USA TODAY – Two years ago, administrators and caregivers at St. Bernard Hospital in Chicago were stunned when they flunked a basic standard for patient safety.
“It was a real jolt,” said Charles Holland, the hospital’s president and CEO. “We thought we were doing patient safety and we thought we were doing it well.”
But the Leapfrog Group, a nonprofit health care watchdog organization, found the hospital fell short on documenting and having comprehensive approaches to hand-washing, medication safety systems and fall and infection prevention.
The wake-up call led Holland to hire a Patient Safety and Quality Officer and to use Leapfrog’s criteria as a roadmap for improving patient safety.
It worked. In its latest annual review of hospital safety, released Wednesday, Leapfrog awarded the century-old charity hospital an A.
“Those are really terrible declines in performance.”
The fact that St. Bernard could turn around so quickly and so effectively without spending a fortune in the process shows that patient safety is an attainable goal, said Leah Binder, Leapfrog’s president and CEO.
“I’m incredibly inspired by St.

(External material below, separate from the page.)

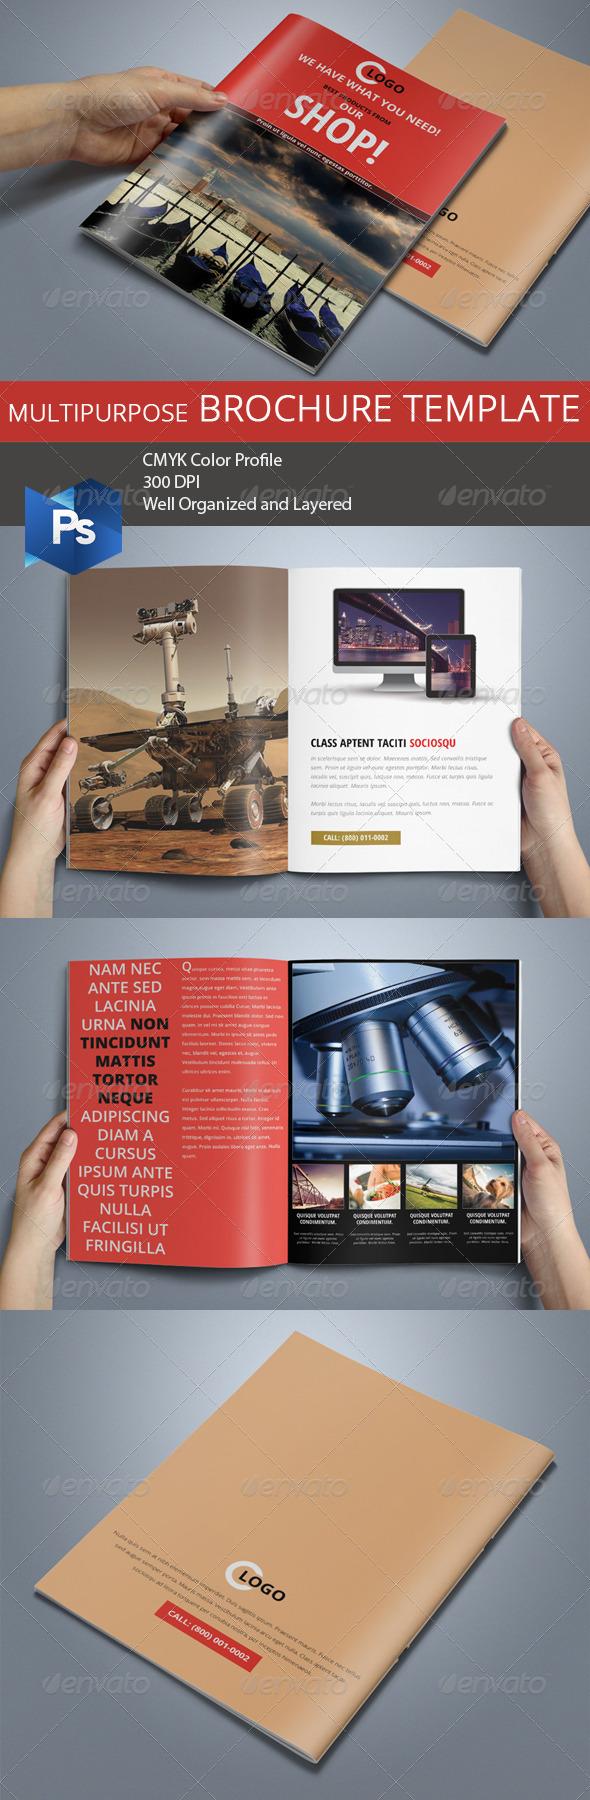 Multipurpose Business Brochure 02 - Corporate Brochures

Bernard’s,” Binder said. “This is a story of a hospital that has every reason to give excuses and instead gave us extraordinary performance.”
For decades, hospitals have paid lip service to patient safety, but the numbers tell a different story. In 1999, an Institute of Medicine report called “To Err is Human” found medical errors cause as many as 100,000 deaths per year.
A 2017 study put the figure at over 250,000 a year, making medical errors the nation’s third leading cause of death at the time. There are no more recent figures.
But the pandemic clearly worsened patient safety, with Leapfrog’s new assessment showing increases in hospital-acquired infections, including urinary tract and drug-resistant staph infections as well as infections in central lines ‒ tubes inserted into the neck, chest, groin, or arm to rapidly provide fluids, blood or medications.